Голгофа - Гомин Лесь (бесплатные версии книг TXT) 📗
Соломония поднялась и присмотрелась к человеку.
— Кто ты? Как тебя зовут?
— Я? Я несчастный отец, потому что у меня украли ребенка. Я несчастный муж, потому что у меня украли жену. Я потерял сон, лишился жизни — все забрал Иннокентий. Я — Василий Синика, из Липецкого.
— Василий? Синика? Сосед Мардаря?
— Да… Сосед Мардаря.
Соломония немного пришла в себя.
— Пойдем быстрее. Быстрее пойдем.
Взяв Синику за руку, Соломония двинулась вперед, вслед за Иннокентием. Шагала осторожно, присматривалась, чтобы не заблудиться. Шатаясь, Синика шел за ней, держался за ее плечо. Силы покидали его, он терял сознание, падал. Соломония поднимала его и тянула, почти несла дальше. В ней горело страстное желание вырвать этого человека из рук смерти и вместе с ним догнать Иннокентия, отомстить за все, что вытерпела, выстрадала она, начиная от Добруджского монастыря до этой дикой, неприветливой степи. Ни на секунду не останавливалась.
Когда слабел и падал Синика, она натирала ему виски снегом, дышала на руки, грела их под кожухом и тянула его дальше.
Наутро впереди показались избы города Каргополя. Соломония осмотрела Синику с ног до головы.

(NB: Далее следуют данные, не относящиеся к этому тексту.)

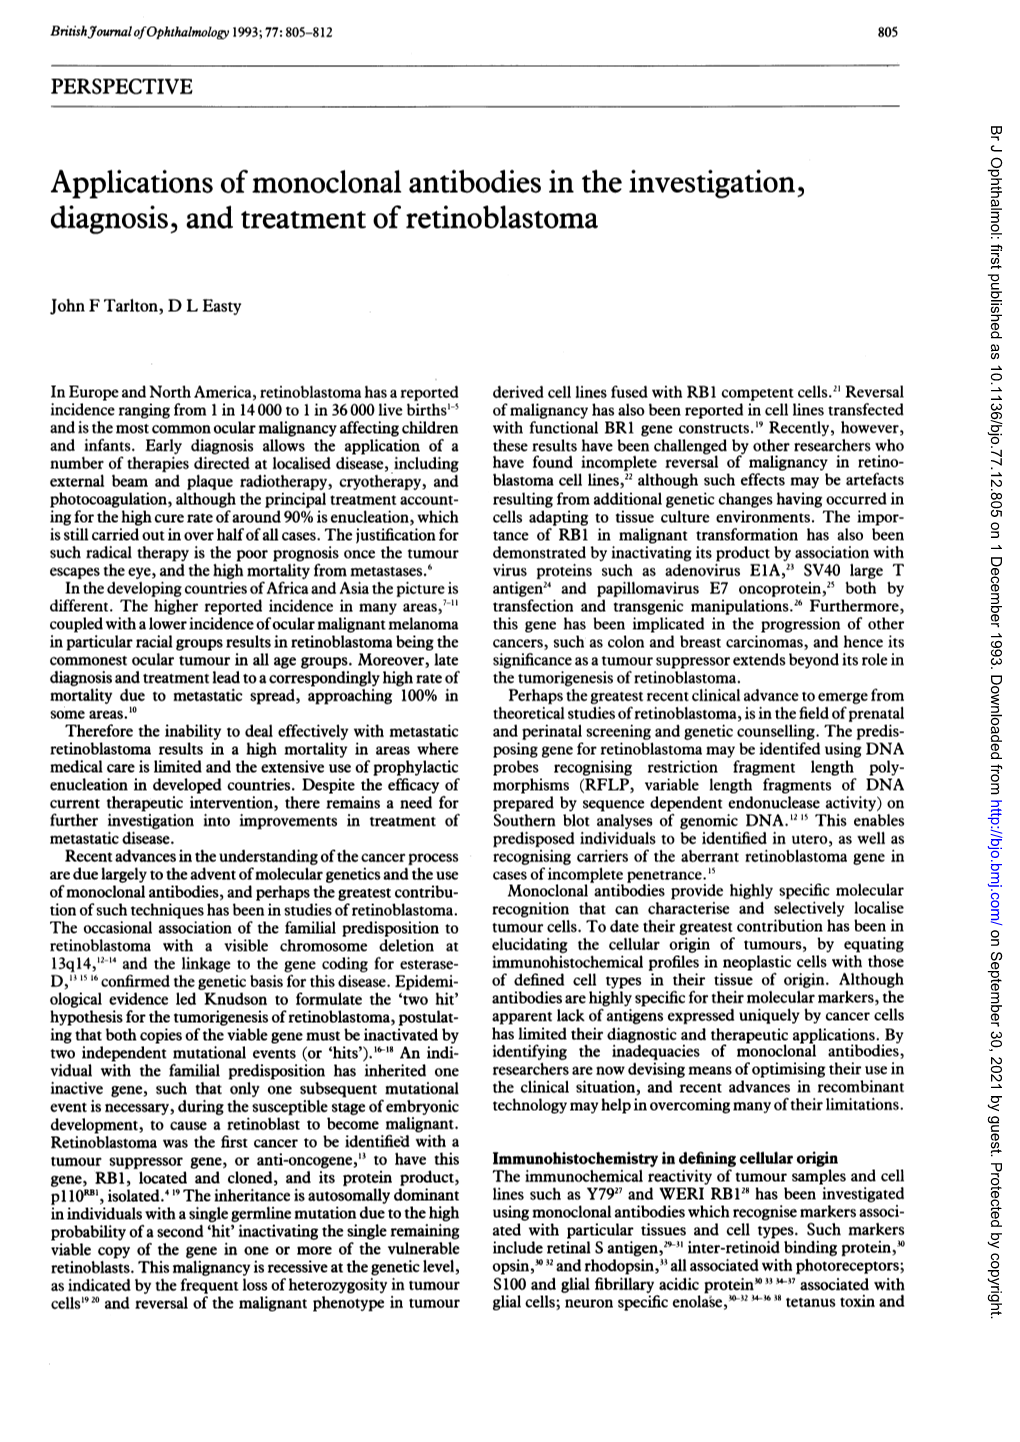 Diagnosis, and Treatment of Retinoblastoma

— Мэй, Василий, нельзя вам так в город входить. В таком виде полиция нас задержит.
Слово «полиция» вернуло Синике сознание. Он осмотрел себя. Действительно, в окровавленной монашеской рясе нельзя идти в город. Соломония сняла с себя кожух и надела его на Василия. Снегом вымыла ему лицо, и через полчаса в город входила странная пара: мужчина, лицо которого было бледно-зеленого цвета, и женщина, крайне истощенная, бледная, словно с креста снятая. На первой же улице они взяли извозчика и поехали на постоялый двор на окраину города. Здесь, в номере, Соломония спросила Синику, как он попал к Иннокентию и оказался один в снегу, да еще избитый. Василий, теперь уже вымытый, побритый, в чистой одежде, тяжело вздохнул и хмуро ответил:
— Если ты в самом деле пойдешь со мной против Иннокентия — расскажу тебе все. Но помни, это смертельная тайна. Поклянись мне, что никому не скажешь — ни кто я, ни откуда.
Соломония встала и торжественно произнесла присягу.
— Клянусь тебе моей ненавистью к тому, кто искалечил мою жизнь, мою душу, что я до конца дней своих не отрекусь от союза с тобой и никогда никому не скажу ни кто ты, ни откуда, ни где я тебя видела. Аминь.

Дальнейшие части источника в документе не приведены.